Reproduce the following data exactly, minus any images.

(Given information)

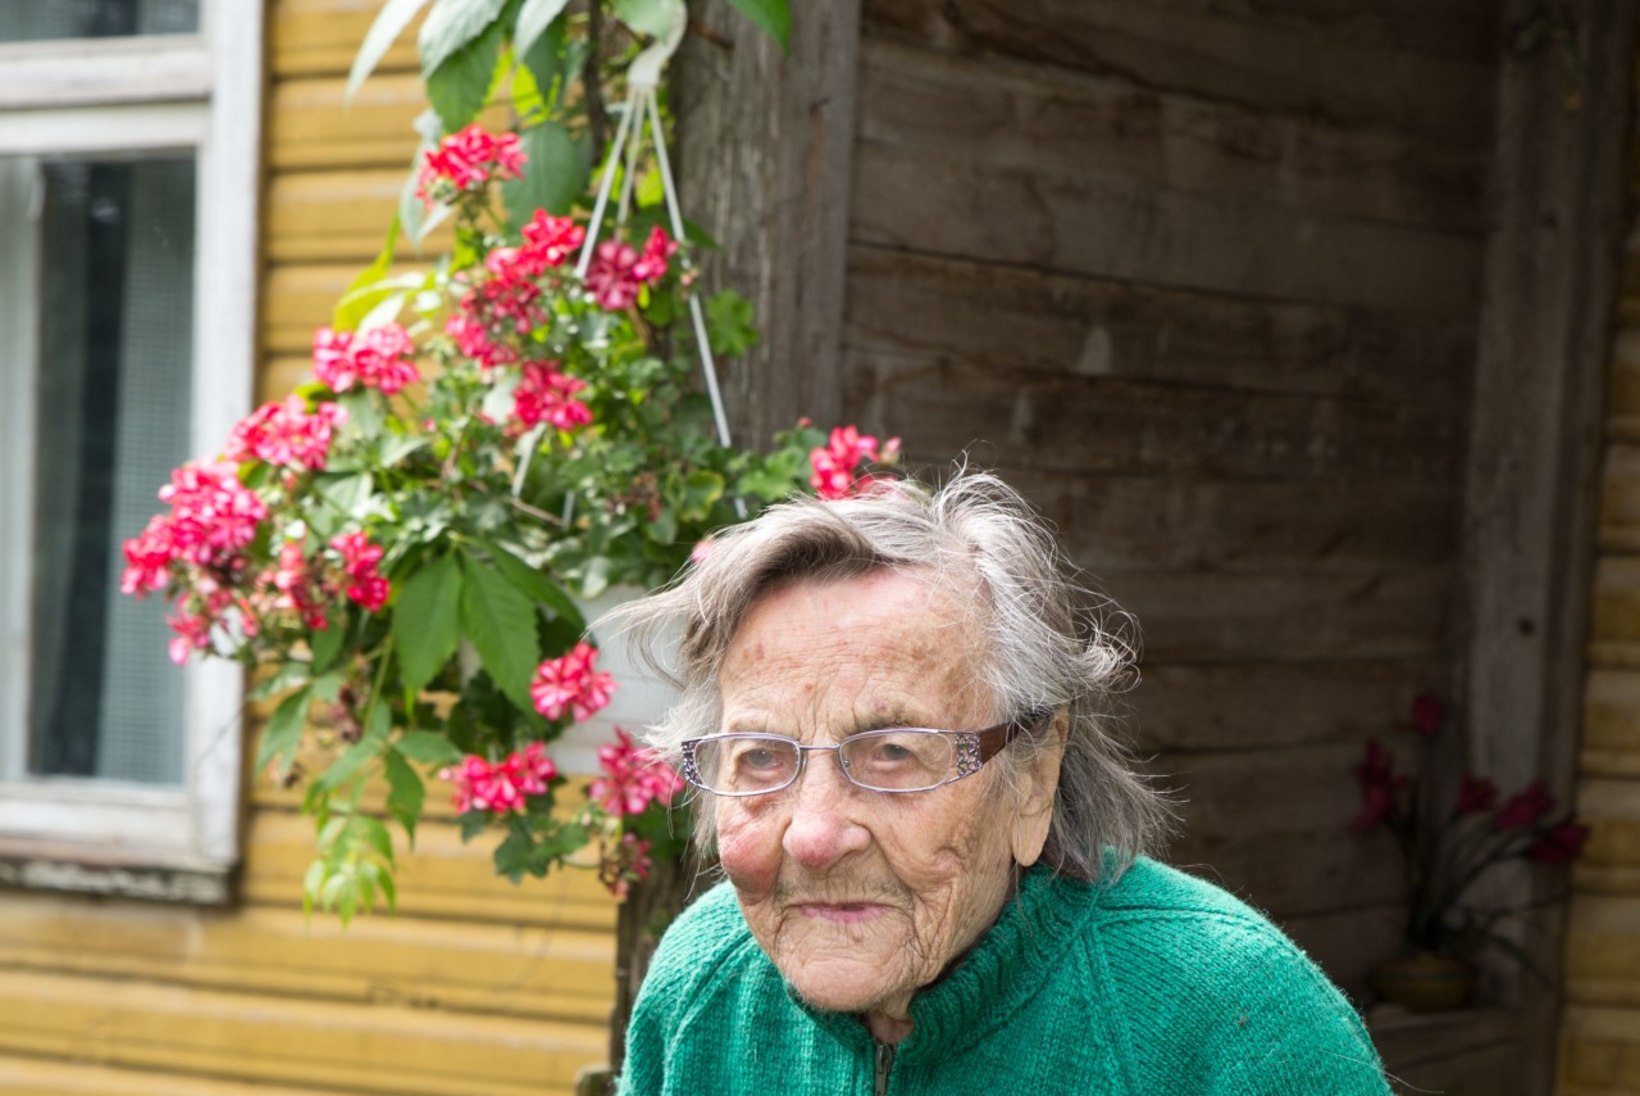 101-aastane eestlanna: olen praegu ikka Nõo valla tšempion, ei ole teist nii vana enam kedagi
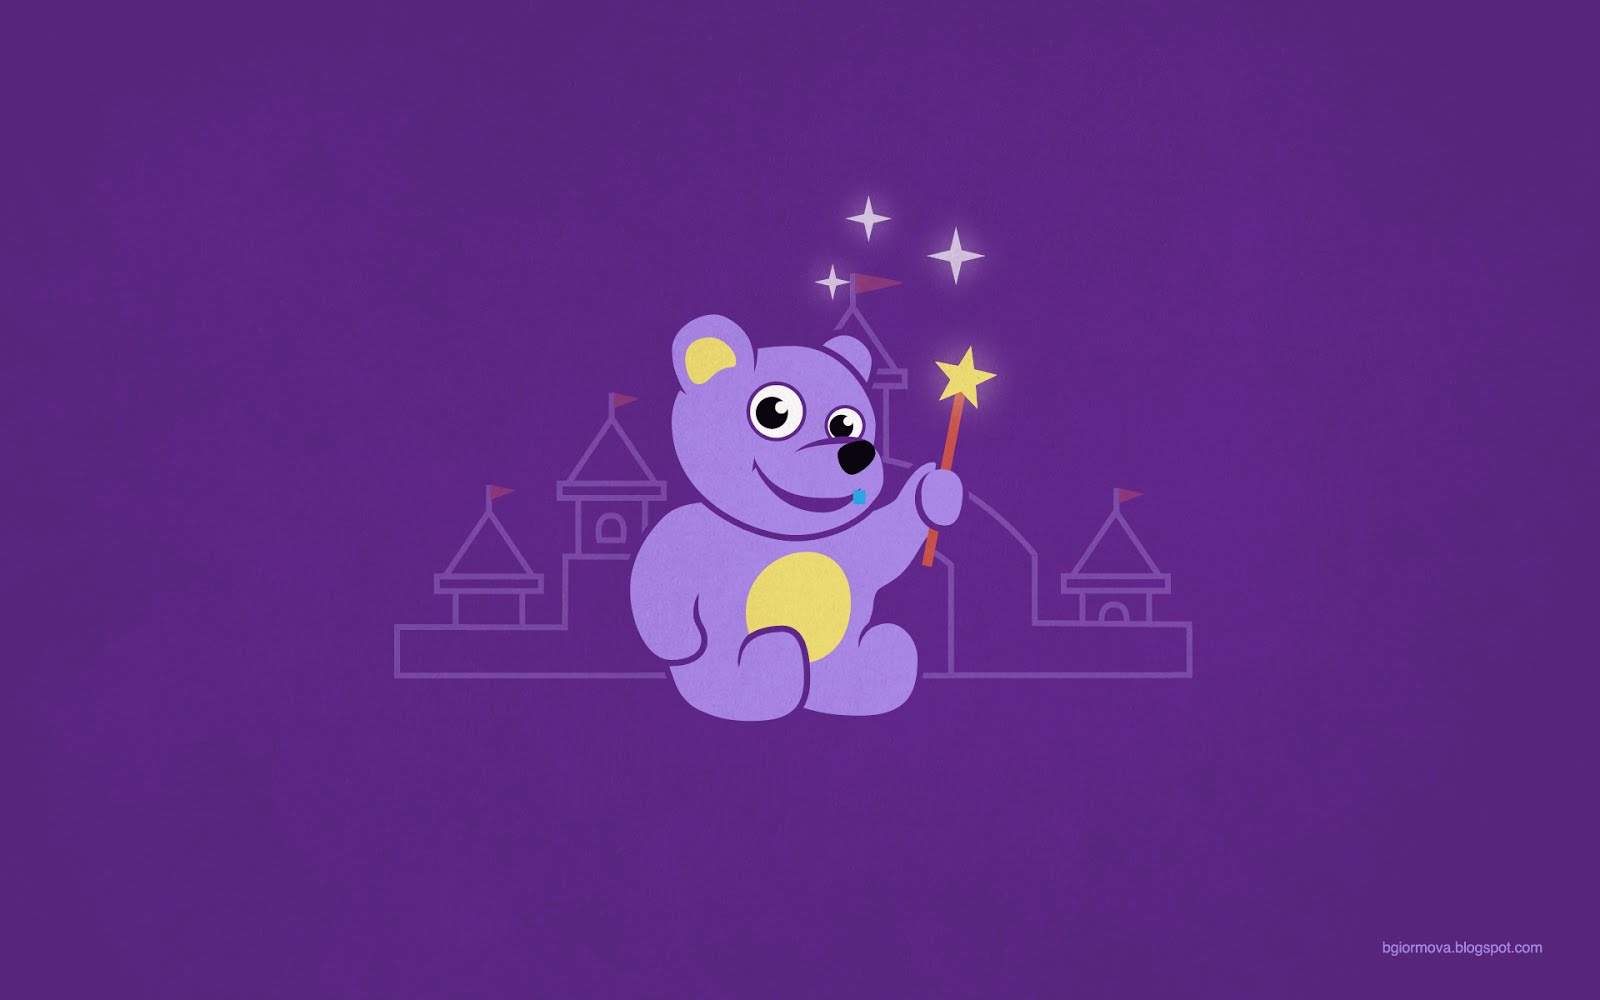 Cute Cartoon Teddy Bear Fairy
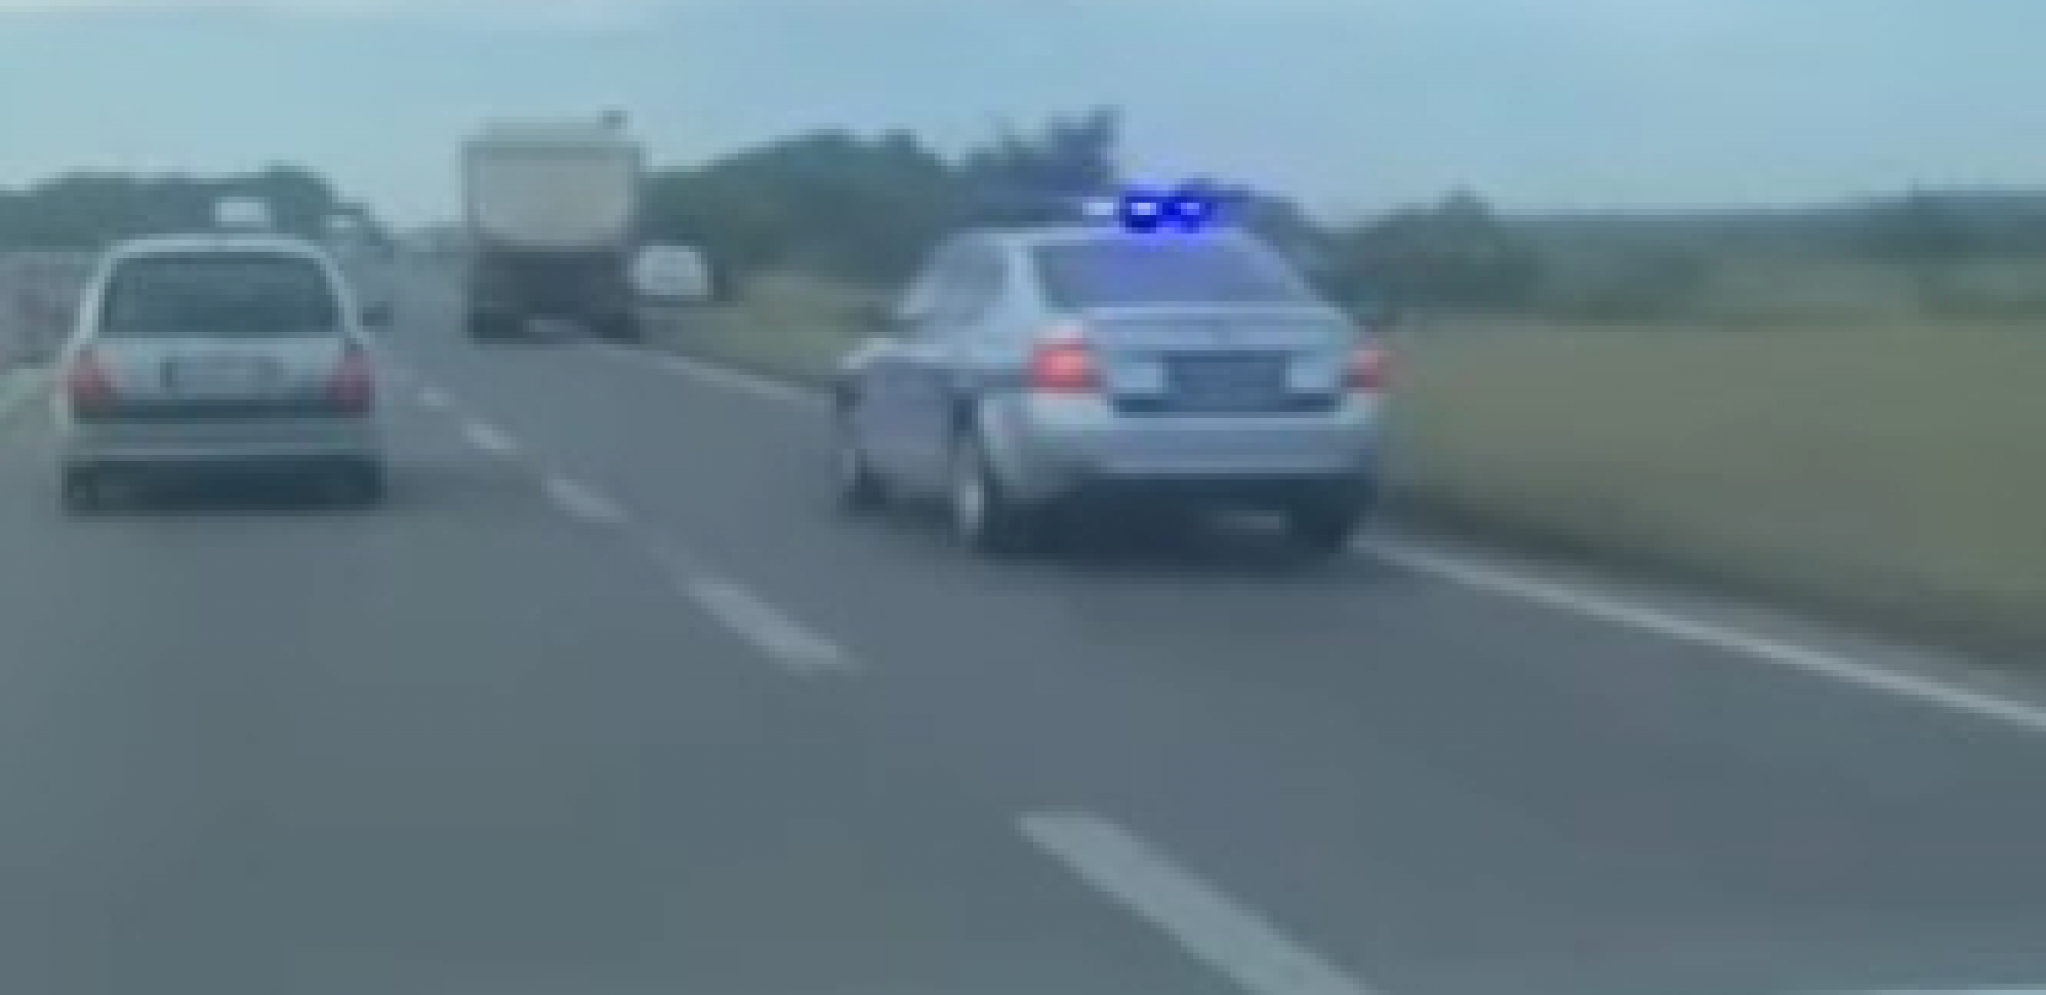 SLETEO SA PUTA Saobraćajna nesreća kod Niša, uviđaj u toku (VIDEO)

(End Given information)

• Result for this exercise
 101-aastane eestlanna: olen praegu ikka Nõo valla tšempion, ei ole teist nii vana enam kedagi
 Cute Cartoon Teddy Bear Fairy
 SLETEO SA PUTA Saobraćajna nesreća kod Niša, uviđaj u toku (VIDEO)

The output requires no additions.